§ Task brief
With pictures left out, output word for word the lines from the one containing "A group of people, some" through the end of the material below.

§ Dataset content
====================

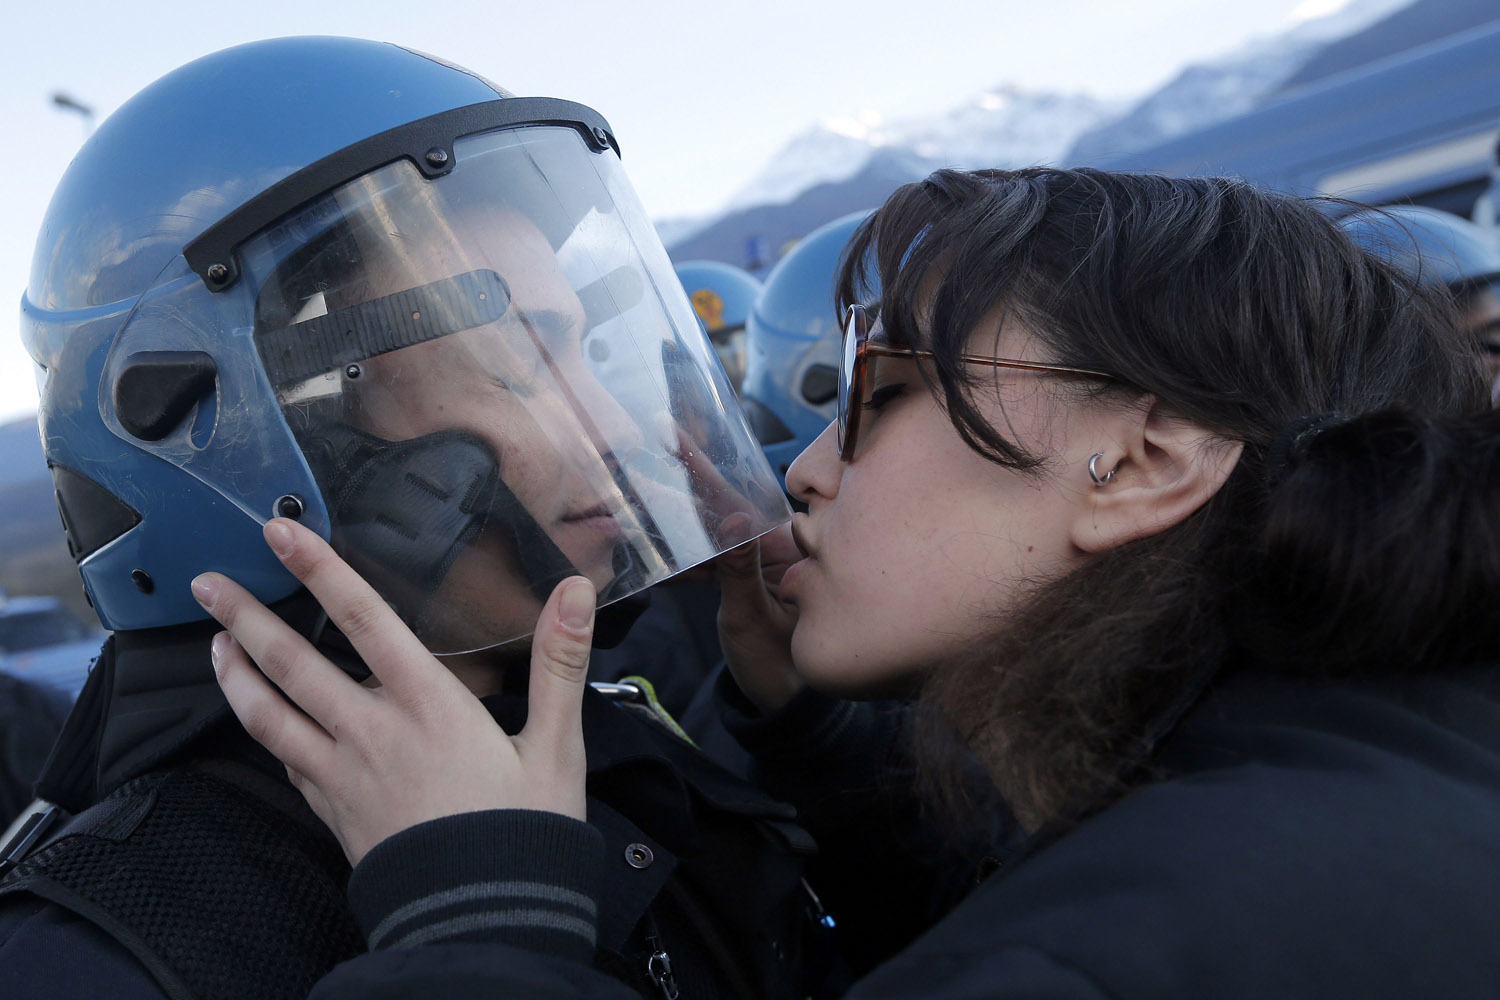 Nov. 16, 2013. A demonstrator kisses a riot police officer during a protest in Susa, Italy against the high-speed train (TAV in Italian) line between Lyon and Turin.
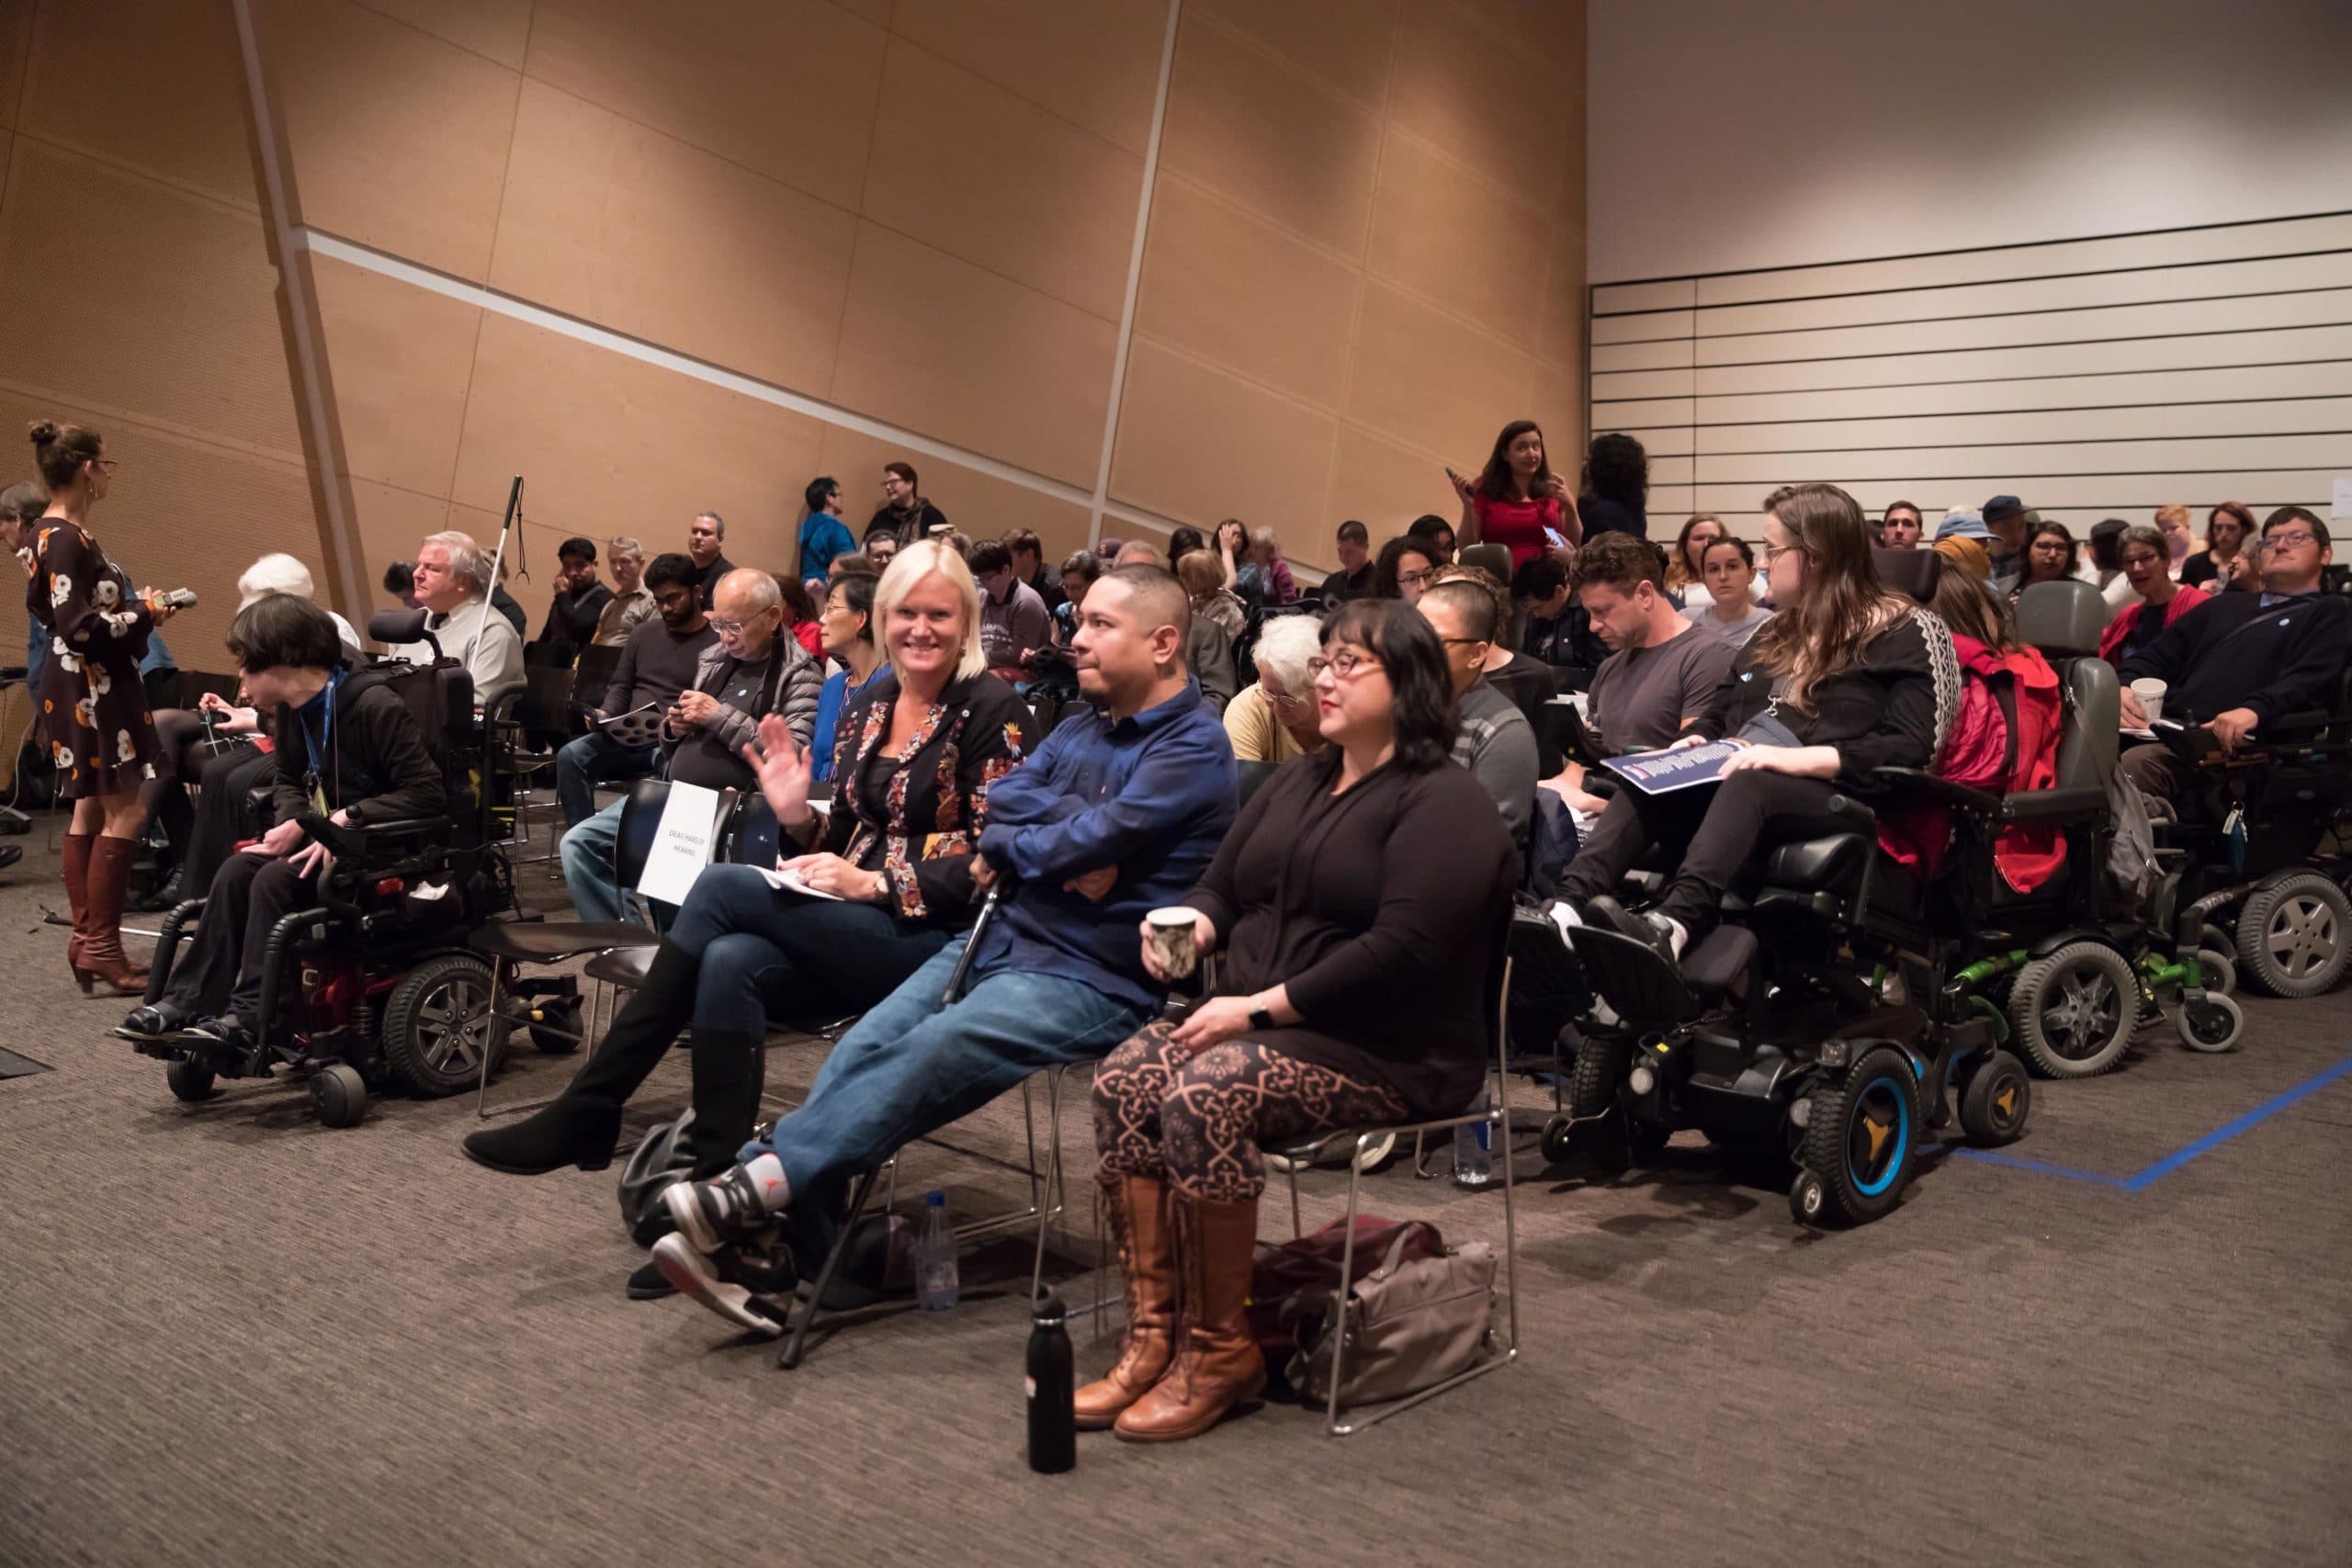 A group of people, some in wheelchairs, sitting in a room for a Superfest screening.
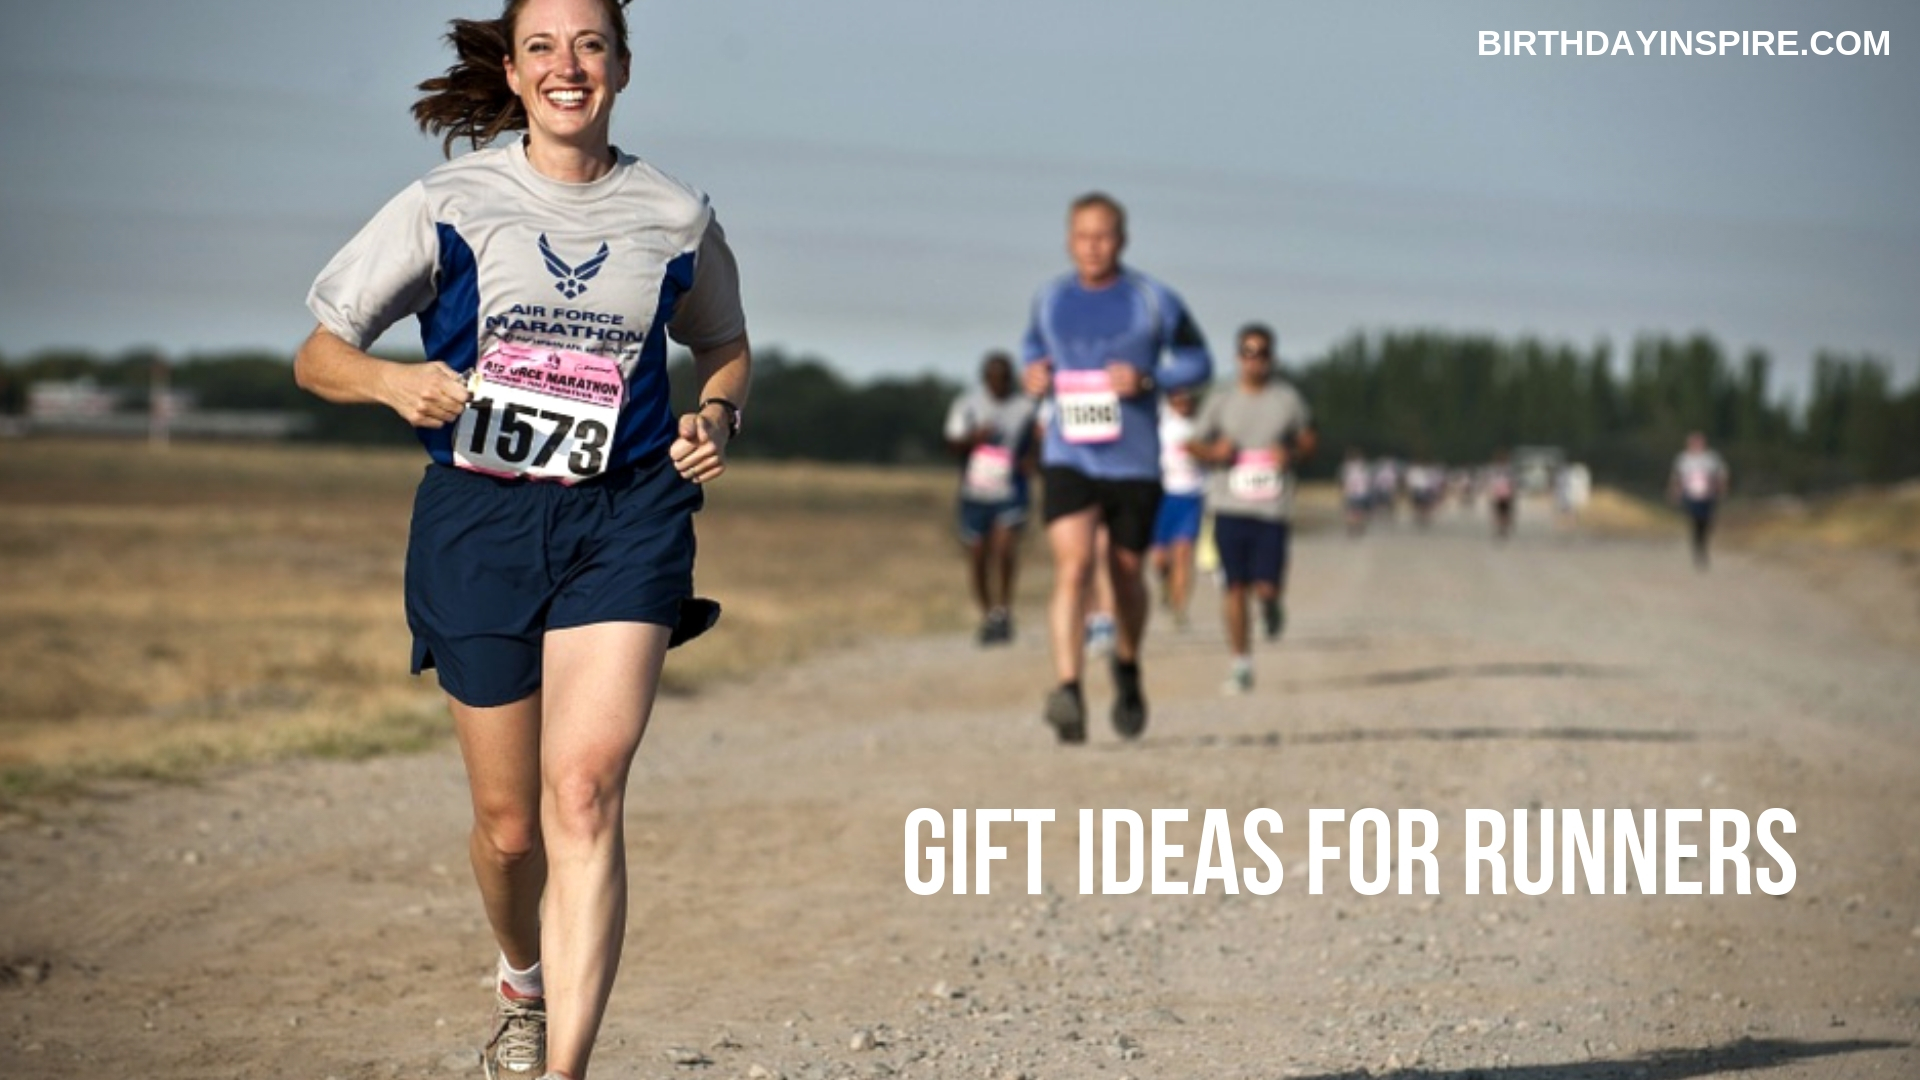 GIFT IDEAS FOR RUNNERS
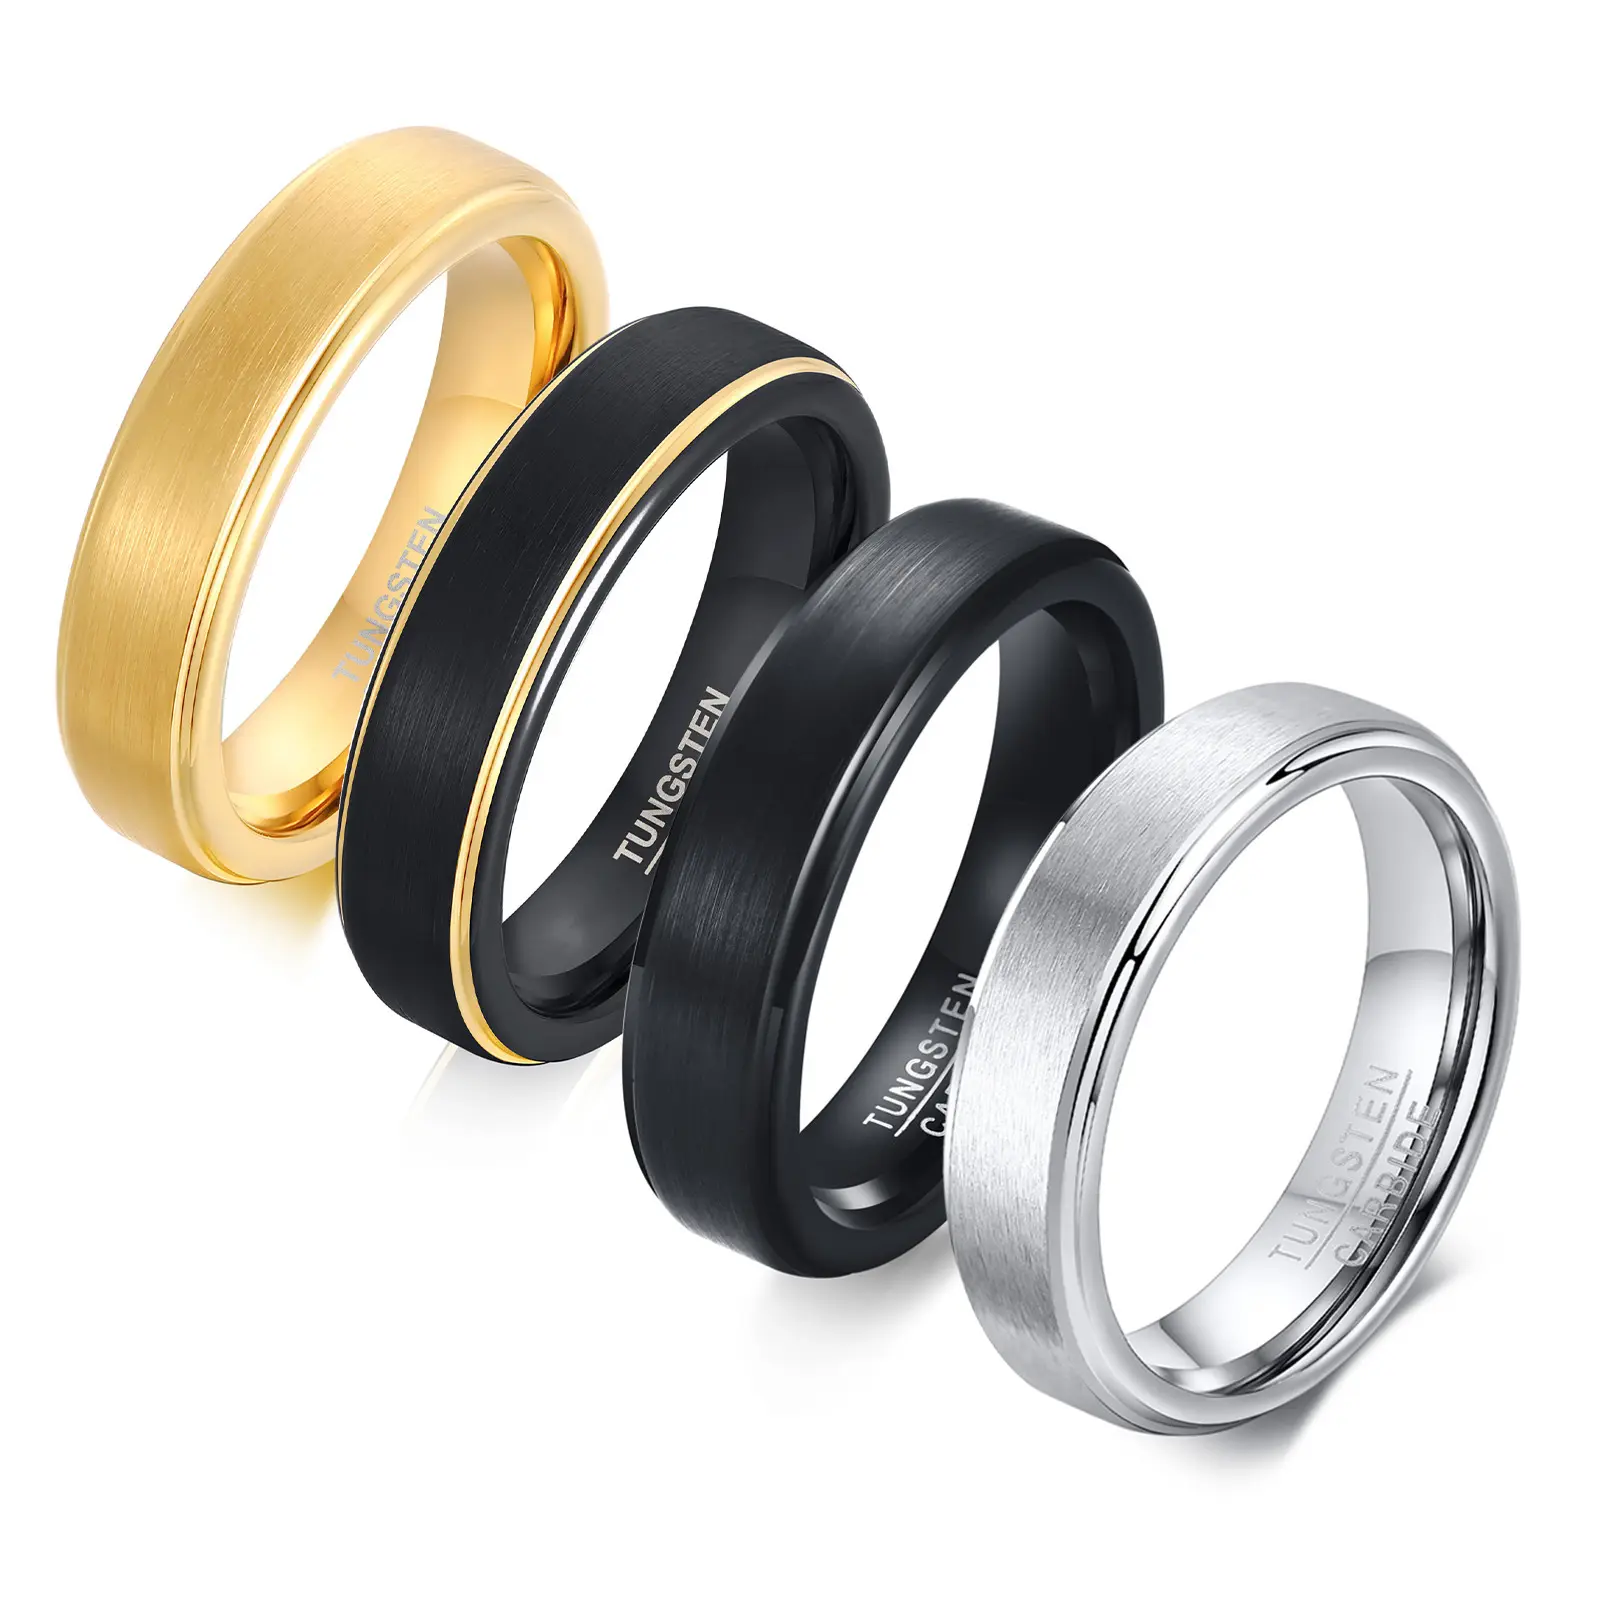 Stock Ring Wholesale Men Women Wedding Band 5mm Brushed Tungsten Carbide Ring Black Silver Gold Rose Gold Color

====================

§ Task response
 A group of people, some in wheelchairs, sitting in a room for a Superfest screening.
 GIFT IDEAS FOR RUNNERS
 Stock Ring Wholesale Men Women Wedding Band 5mm Brushed Tungsten Carbide Ring Black Silver Gold Rose Gold Color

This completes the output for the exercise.